다르게, 발화 단말(100)이 통신기(111)를 통해 부가 음성 자질(13)을 상대 단말(200)로 전송하면, 상대 단말(200) 내의 부가 음성 자질 조정기(219)가 상기 수신된 부가 음성 자질(13)을 특정값을 조정하는 방식으로 발화 단말(100)로부터 수신된 부가 음성 자질(13)을 변환시킬 수 있다.Alternatively, when the speaking terminal 100 transmits the additional voice feature 13 to the counterpart terminal 200 through the communicator 111 , the additional voice feature adjuster 219 in the counterpart terminal 200 controls the received additional voice feature. The additional voice feature 13 received from the uttering terminal 100 may be converted by adjusting (13) to a specific value.

이때, 상대 단말(200)이 수신한 부가 음성 자질(13)이 발화 단말(100)의 부가 음성 자질 조정기(119)에 의해 업데이트된 부가 음성 자질(19)인 경우, 상대 단말(100) 내의 부가 음성 자질 조정기(219)는 발화 단말(100)에 의해 업데이트된 부가 음성 자질(29)을 상대 단말(200)의 상대 화자가 원하는 음색으로 한번 더 업데이트(변환)할 수 있다.At this time, when the additional voice feature 13 received by the counterpart terminal 200 is the additional voice feature 19 updated by the additional voice feature adjuster 119 of the speaking terminal 100, The voice quality adjuster 219 may update (convert) the additional voice quality 29 updated by the utterance terminal 100 once more into a tone desired by the other speaker of the opposite terminal 200 .

개인 음성 특징 조정기(121)Personal Voice Feature Adjuster(121)

개인 음성 특징 조정기(121)는 프로세서(125)에 의해 제어되는 하드웨어 모듈이거나, 프로세서(125) 내에 내장된 디지털 회로일 수 있다. 또는 개인 음성 특징 조정기(121)는 메모리(127)에 로딩되어 프로세서(125)에 의해 실행되는 소프트웨어 모듈일 수 있다.The personal voice feature adjuster 121 may be a hardware module controlled by the processor 125 or a digital circuit built into the processor 125 . Alternatively, the personal voice feature adjuster 121 may be a software module loaded into the memory 127 and executed by the processor 125 .

개인 음성 특징 조정기(121)는 개인 음성 특징 인코더(115)에 의해 인코딩된 은닉 변수(15)의 특정값을 변경하여 은닉 변수를 업데이트할 수 있다.The personal speech feature adjuster 121 may update the hidden variable by changing a specific value of the hidden variable 15 encoded by the personal speech feature encoder 115 .

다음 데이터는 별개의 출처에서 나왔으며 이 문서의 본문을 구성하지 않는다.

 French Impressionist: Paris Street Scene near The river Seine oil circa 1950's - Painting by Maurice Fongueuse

은닉 변수(15)에 포함된 부가 음성 자질과 음성 특징 파라메터(예, MFCC)는 신경망의 처리 과정에서 은닉 변수에 은닉된 정보이이므로, 그 은닉 변수가 발화자가 발화한 음성의 어떤 부가 음성 자질과 관련성이 있는지 알 수 없다. 따라서, 발화자가 은닉 변수를 변경하려면, 부가 음성 자질과 은닉 변수 간의 관계를 알아내는 선행 작업이 필요하다. Since the additional voice quality and voice feature parameters (eg, MFCC) included in the hidden variable 15 are information hidden in the hidden variable during the processing of the neural network, the hidden variable is related to any additional voice quality of the voice uttered by the speaker. I don't know if this exists. Therefore, in order for the speaker to change the hidden variable, it is necessary to find out the relationship between the additional voice quality and the hidden variable.

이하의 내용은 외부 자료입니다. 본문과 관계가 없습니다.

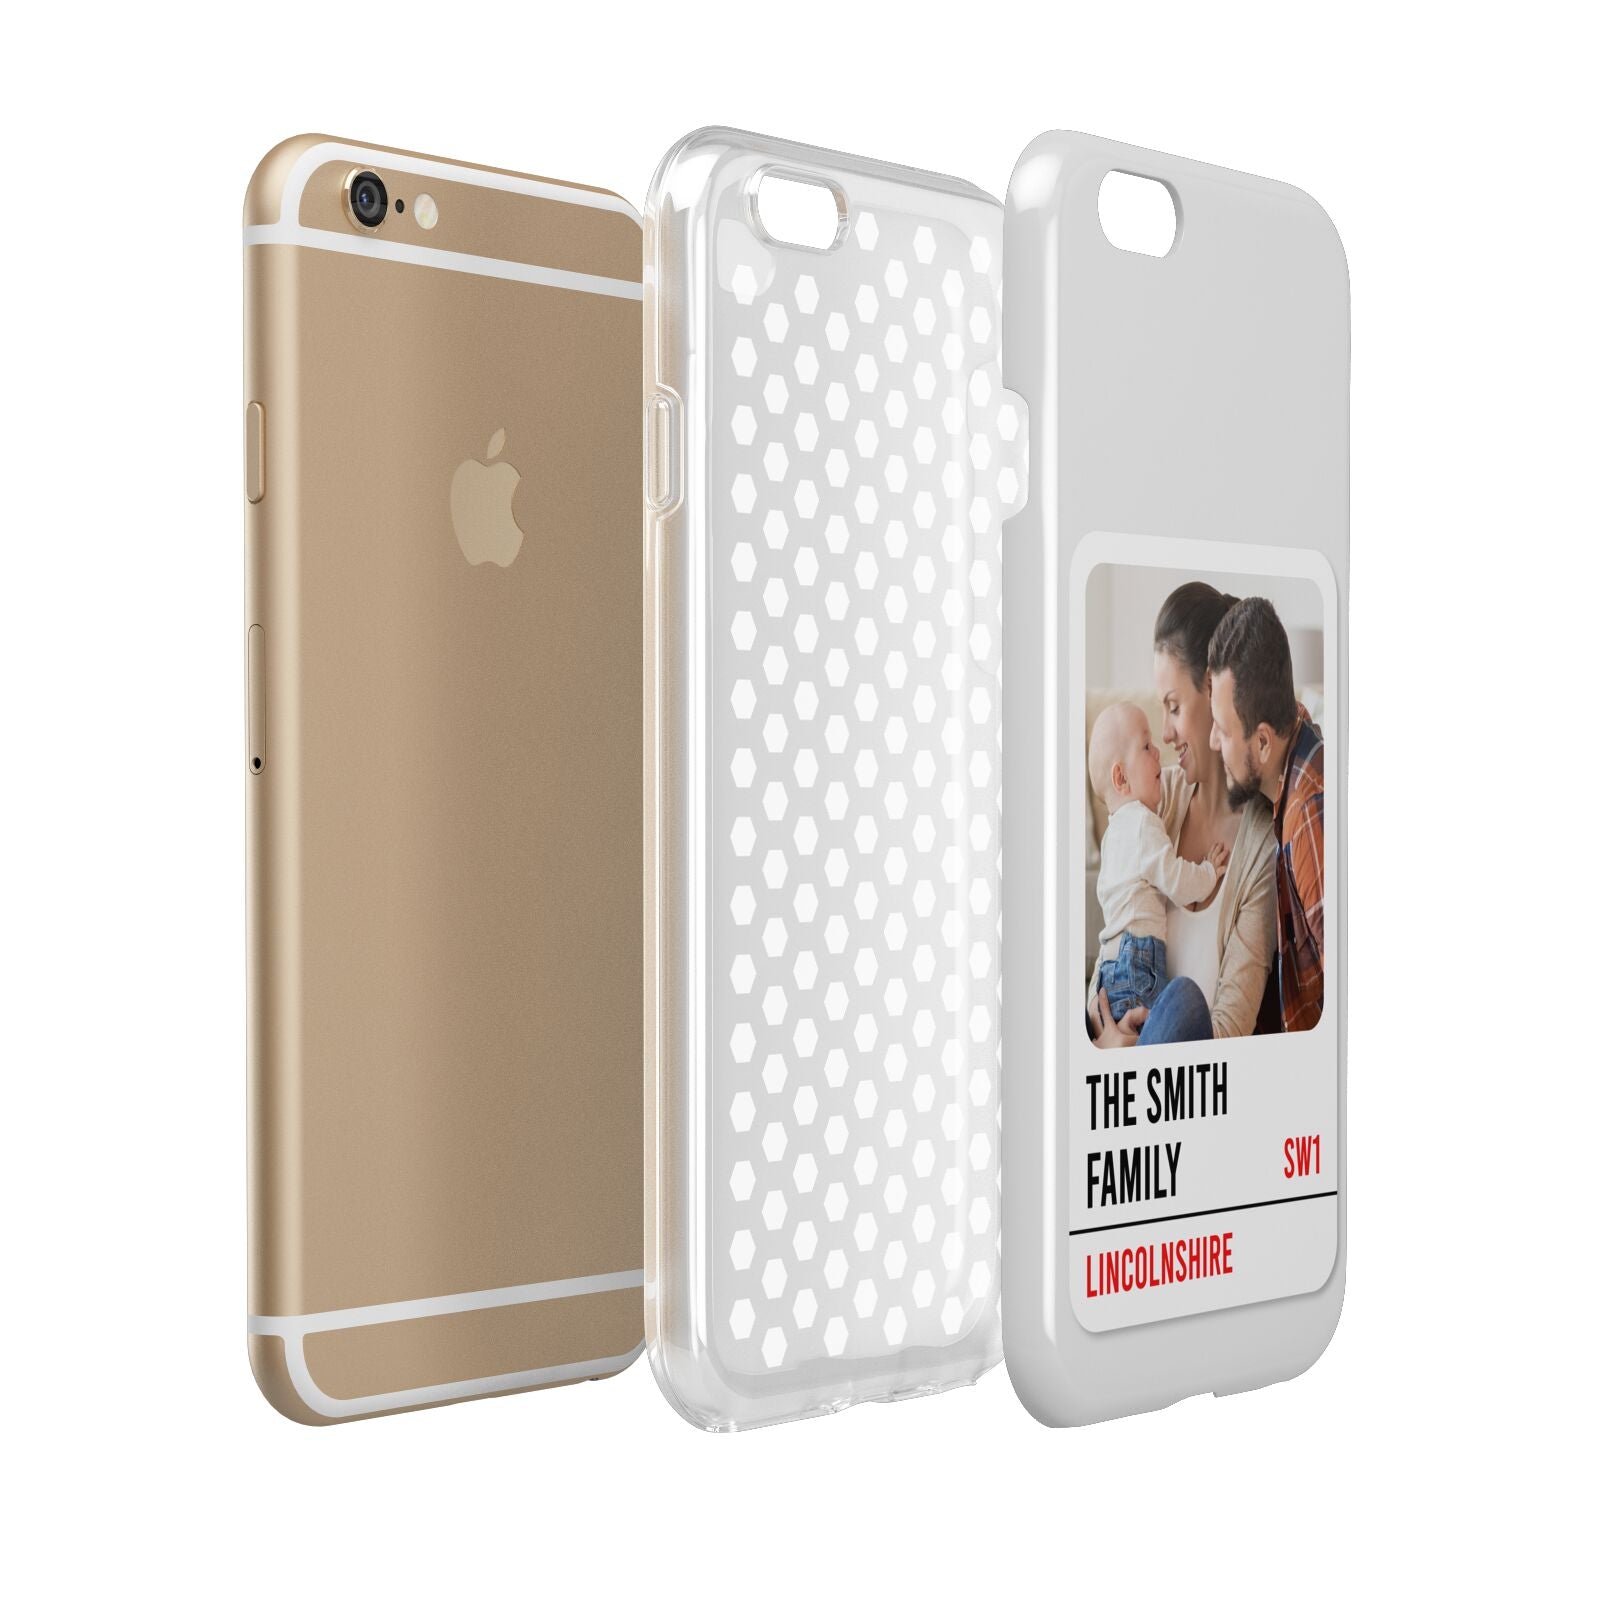 Street Sign Family Photo Upload Apple iPhone 6 3D Tough Case Expanded view

선행 작업은, 예를 들면, 발화자 음성의 높낮이를 변경한 경우, 은닉 변수의 어떤 특정값이 변경되었는 지를 분석하는 작업일 수 있다.The preceding task may be, for example, a task of analyzing which specific value of the hidden variable is changed when the pitch of the speaker's voice is changed.

또는 선행 작업은 은닉 변수를 변경한 후, 변경된 은닉 변수를 기반으로 음성 합성을 수행하여 획득한 개인화된 합성음의 어떤 부가 음성 자질이 어떻게 변경되었는 지를 분석하는 작업일 수 있다.Alternatively, the preceding task may be a task of analyzing which additional voice qualities of a personalized synthesized sound obtained by changing a hidden variable and then performing voice synthesis based on the changed hidden variable are changed.

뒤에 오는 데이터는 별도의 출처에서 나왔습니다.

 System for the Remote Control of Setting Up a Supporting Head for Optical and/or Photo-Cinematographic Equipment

이러한 선행 작업은 신경망 학습을 통해 가능하며, 선행 작업을 통해, 은닉 변수의 특정값과 부가 음성 자질의 특정값 간의 관련성이 확인되면, 그 관련성은 매핑 테이블로 구성한다.Such a preceding task is possible through neural network learning, and when a relation between a specific value of a hidden variable and a specific value of an additional voice feature is confirmed through the preceding work, the relation is constituted by a mapping table.

개인 음성 특징 조정기(121)는 사용자 인터페이스(도시하지 않음)로부터 발화자가 변경하고자 하는 개인화된 합성음의 부가 음성 자질의 특정값을 수신하고, 상기 매핑 테이블을 참조하여 상기 부가 음성 자질의 특정값에 대응하는 은닉 변수의 특정값을 변경(업데이트)한다.The personal voice feature adjuster 121 receives a specific value of the additional voice feature of the personalized synthesized sound that the speaker wants to change from a user interface (not shown), and corresponds to the specific value of the additional voice feature with reference to the mapping table Changes (updates) the specific value of the hidden variable.

이와 같이 상기 변경된(업데이트된) 은닉 변수(21)는 통신기(111)를 통해 상대 단말(200)로 전송되고, 그 은닉 변수(21)는 상대 단말(200) 내의 음성 합성기(207)에서 음성 합성 수행에 필요한 정보로 활용된다. In this way, the changed (updated) hidden variable 21 is transmitted to the opposite terminal 200 through the communicator 111, and the hidden variable 21 is synthesized by the speech synthesizer 207 in the opposite terminal 200. It is used as information necessary for execution.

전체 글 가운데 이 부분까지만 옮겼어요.